Running Shiphook as a systemd service

After HTTPS + nginx are set up, you’ll usually want Shiphook to run in the background, survive SSH disconnects, and start on boot. On most modern Linux distros (including AlmaLinux), use systemd.

The automated shiphook setup-https script (and interactive shiphook when you answer y to HTTPS) creates a per-domain unit at /etc/systemd/system/shiphook-<domain>.service (long domains are safely truncated+hashed), reloads systemd, and runs systemctl enable --now <unit>.service when systemd is available and the CLI passes the install path (normal sudo flow).

If the unit already exists, setup-https leaves it unchanged by default so re-running setup does not reinstall the service. To force reinstall/restart from setup, set SHIPHOOK_REINSTALL_SYSTEMD=1.

To avoid accidental duplicates, setup-https also checks for an existing unit that already uses the same WorkingDirectory (same repo path). If found, it skips creating another unit name for that repo unless you force reinstall.

If a Shiphook unit is already active, running shiphook again from an interactive terminal will restart/start the default service workflow.

When systemd starts Shiphook, the CLI won't try to restart it again (avoids restart loops). Running shiphook manually from an interactive terminal can restart the unit so the service comes up with updated config.

---

Example service unit

Assuming:

• Your repo lives at /srv/my-app (replace with your repo path)
• You want the default Shiphook port (3141) and path (/)

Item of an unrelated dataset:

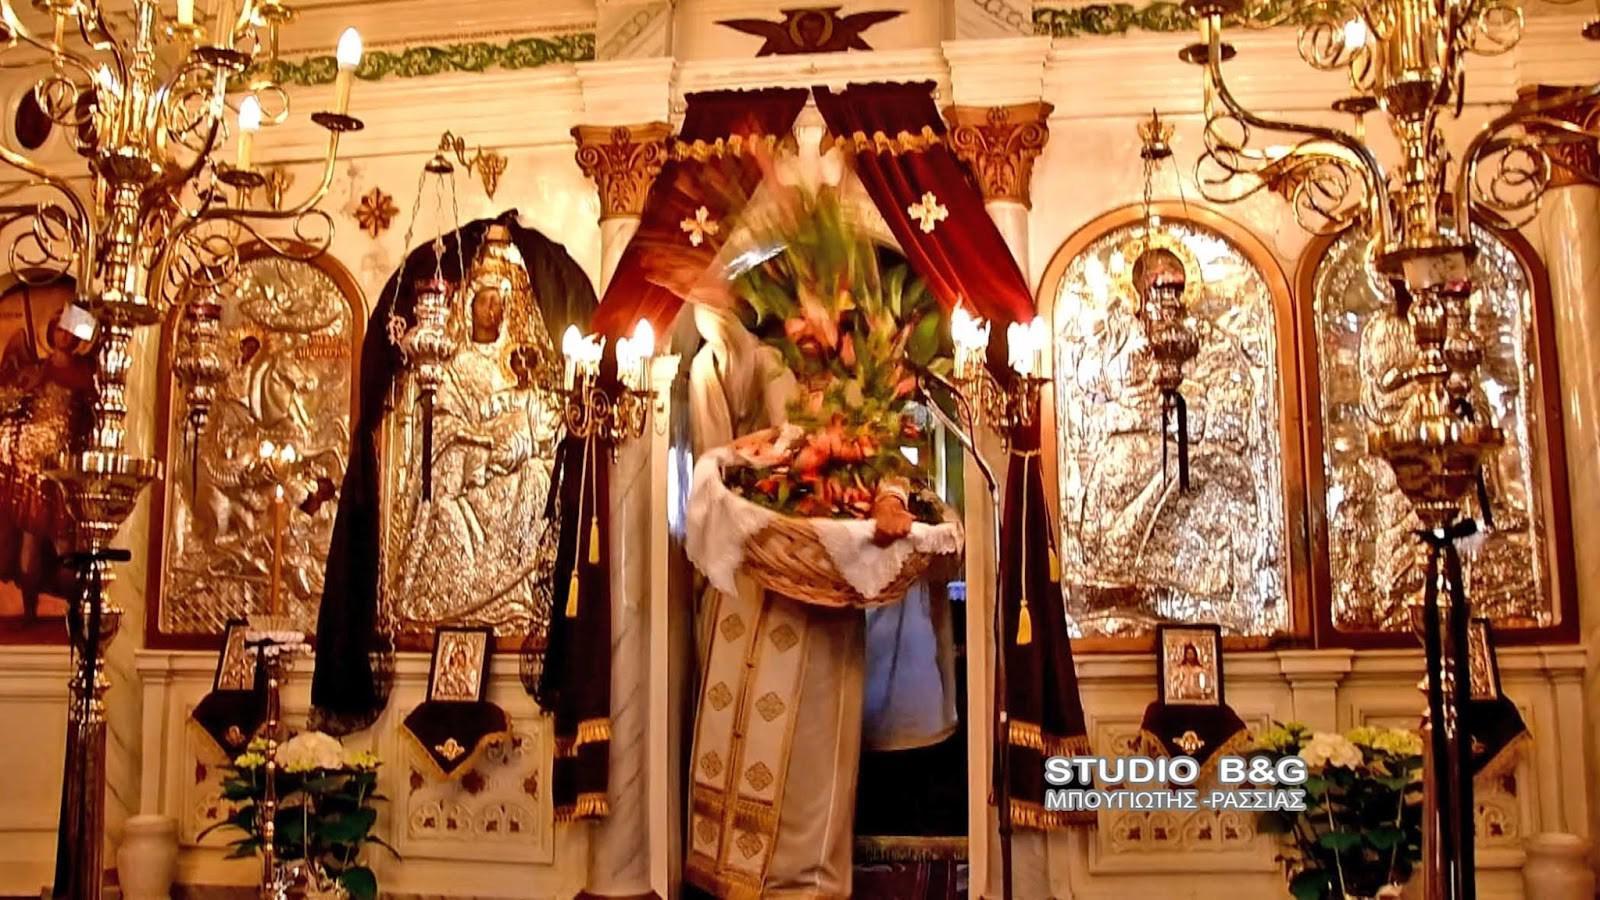 pasxa3 Με σφυριά, κατσαρόλες και κουτάλια η Πρώτη Ανάσταση στο Ναύπλιο [βίντεο]

Create /etc/systemd/system/shiphook.service as root:

[Unit]
Description=Shiphook deploy webhook
After=network.target

[Service]
Type=simple
WorkingDirectory=/srv/my-app
ExecStart=/usr/bin/env shiphook
Restart=on-failure
RestartSec=5s

# Optional: environment overrides
Environment=SHIPHOOK_PORT=3141
# Environment=SHIPHOOK_PATH=/webhook
# Environment=SHIPHOOK_RUN_SCRIPT=npm run deploy

[Install]
WantedBy=multi-user.target

Then reload and start:

sudo systemctl daemon-reload
sudo systemctl enable --now shiphook.service
sudo systemctl status shiphook.service

Shiphook now:

• Runs in the background
• Starts on boot
• Is proxied by nginx+Certbot on HTTPS (from the HTTPS setup docs)

---

Notes

• Set WorkingDirectory to the repo where Shiphook should run (and where shiphook.yaml lives). This is usually the same directory you cd into before running shiphook manually.

• Create a non-privileged user for the service (for example, shiphook) and ensure that repo directory is owned/readable by that user:

  sudo useradd --system --shell /usr/sbin/nologin --home /nonexistent shiphook
  sudo chown -R shiphook:shiphook /srv/my-app

• Use journalctl -u shiphook.service to inspect logs (including deploys and secrets setup).

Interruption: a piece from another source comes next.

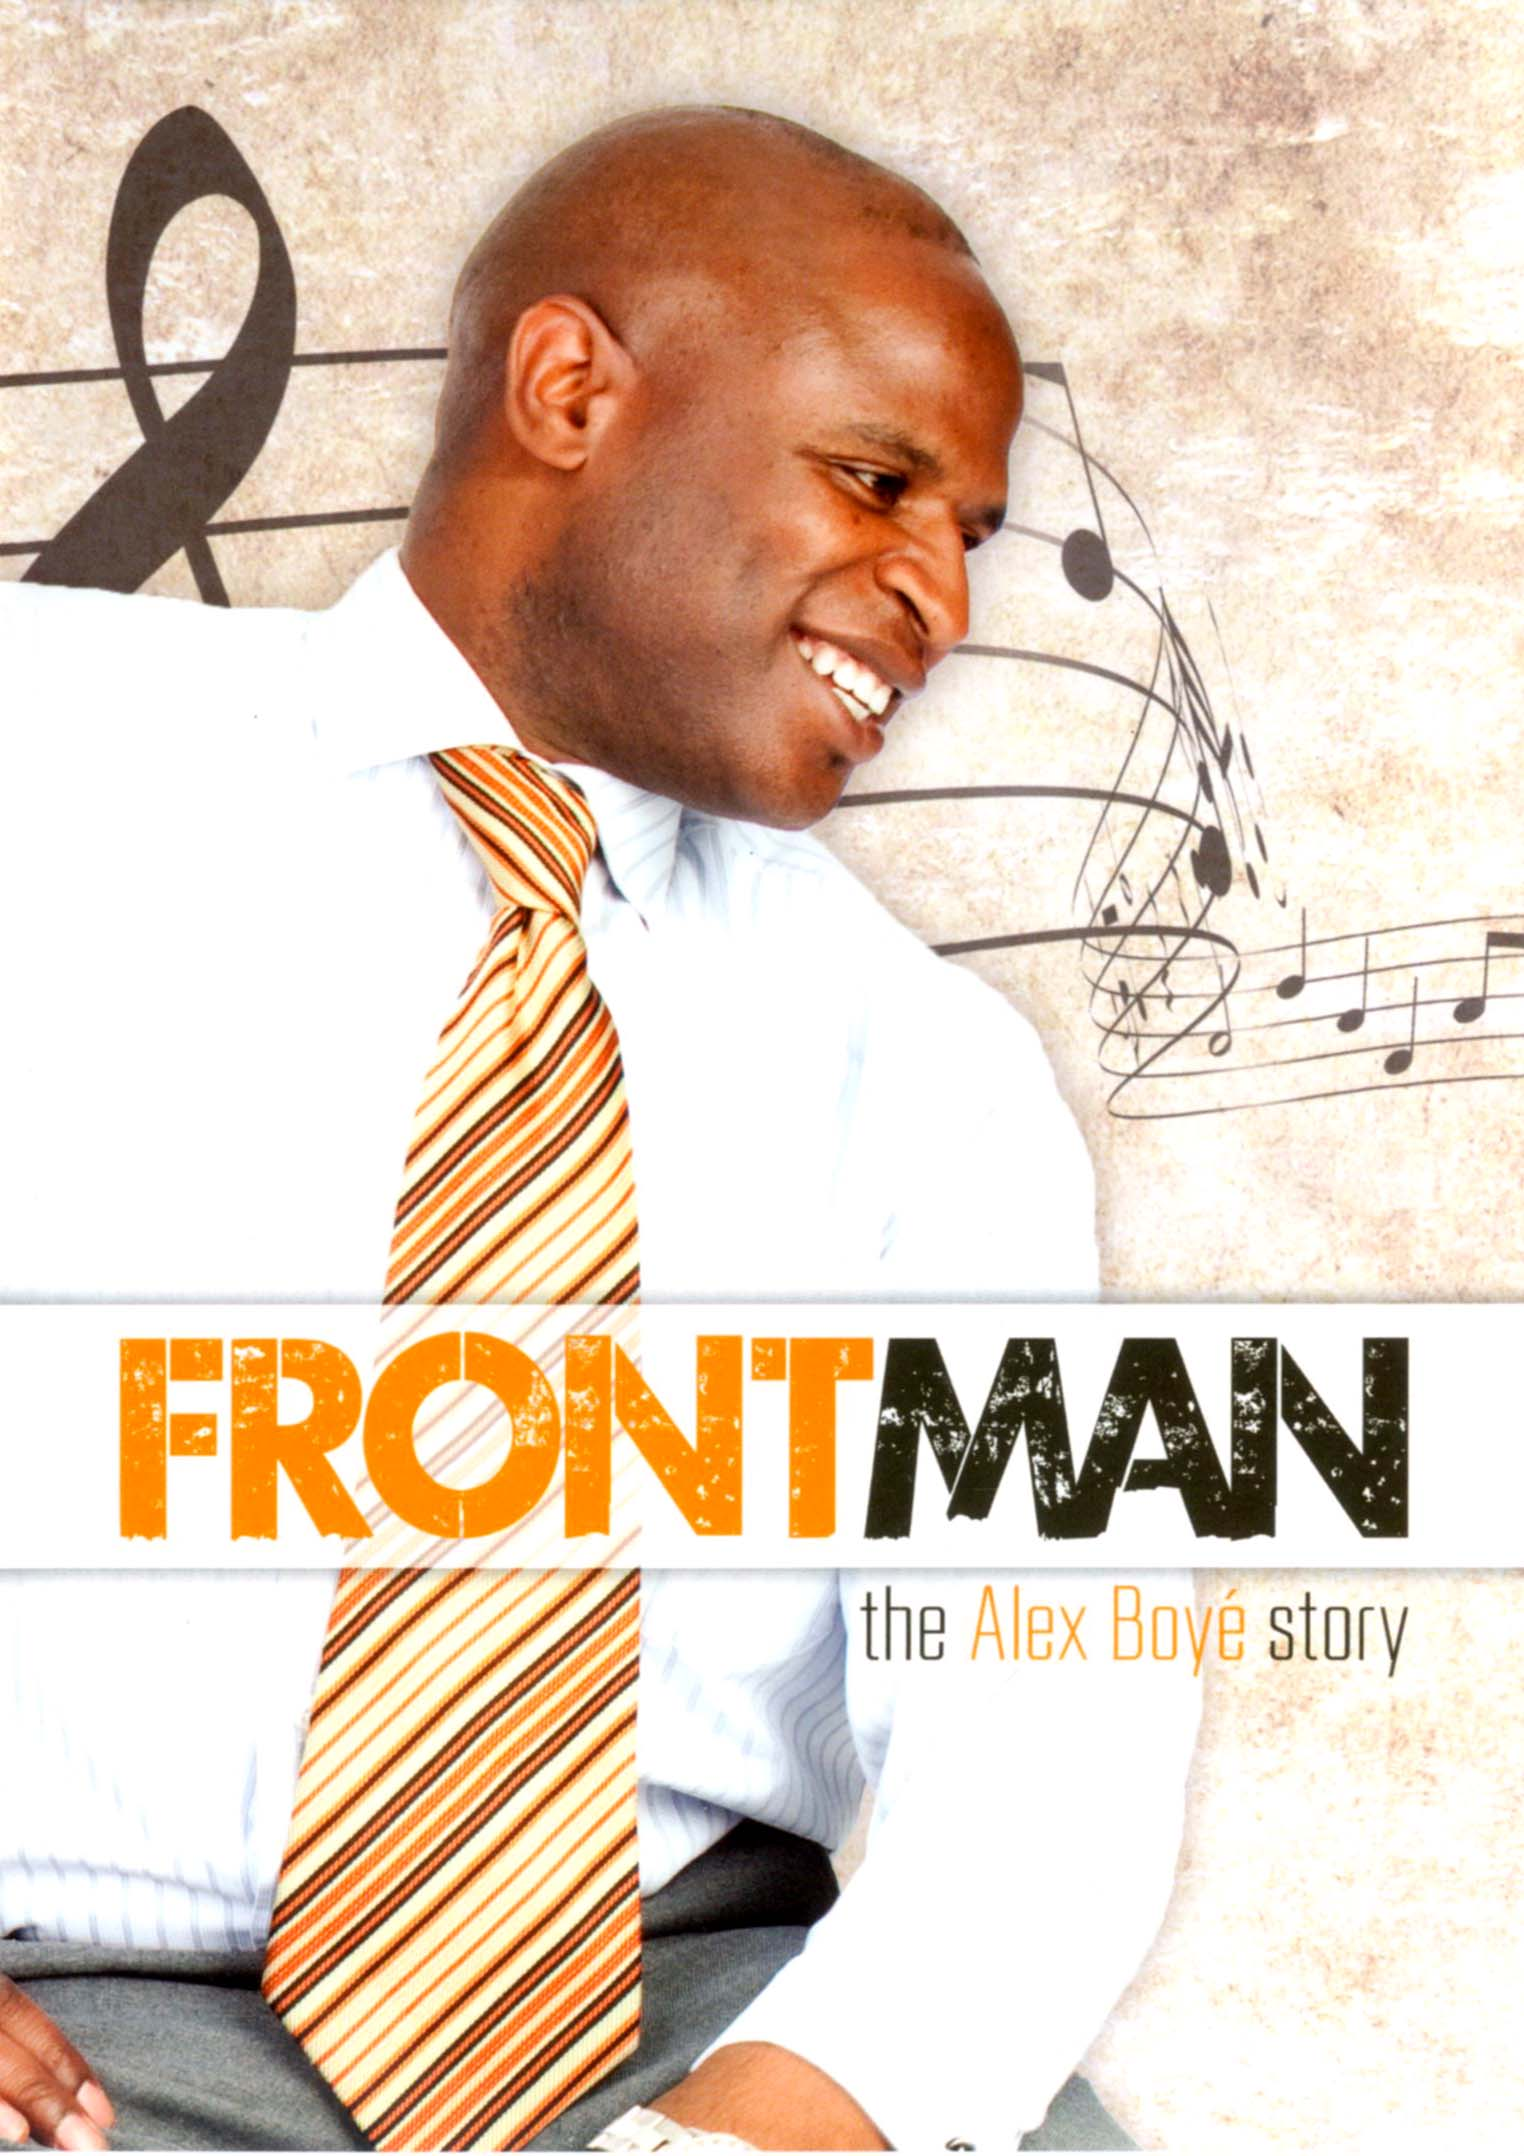 Front Man: The Alex Boyé Story

• You can still run shiphook deploy manually to trigger one-off deploys; it doesn’t interfere with the service.

One service, multiple apps/domains

You can run either one process for many apps (recommended) or one service per app/domain:

• Single process mode: one unit with apps: config handles many repos/domains.
• Per-app mode: one shiphook-<domain>.service per repo/domain, each on its own port.

shiphook.service (or a custom unit name) can run a single Shiphook process that serves multiple apps via apps: config. This is the recommended way to host multiple repos/domains on one server:

• one shiphook.service
• one Shiphook process
• multiple app routes (host + path)
• one secret per app

Different apps can deploy concurrently; deploys for the same app are serialized.

---

Cleanup helper (development/troubleshooting)

During webhook/CD setup iterations, stale nginx blocks and old Shiphook unit files are a common source of 404/405/502 surprises. Use:

# Remove Shiphook-managed entries for one domain
# (matching nginx files + matching shiphook*.service units for that domain)
shiphook cleanup --domain shiphook.example.com

# Remove all Shiphook-managed nginx/systemd entries
shiphook cleanup --all

The command creates a timestamped nginx backup before changing files.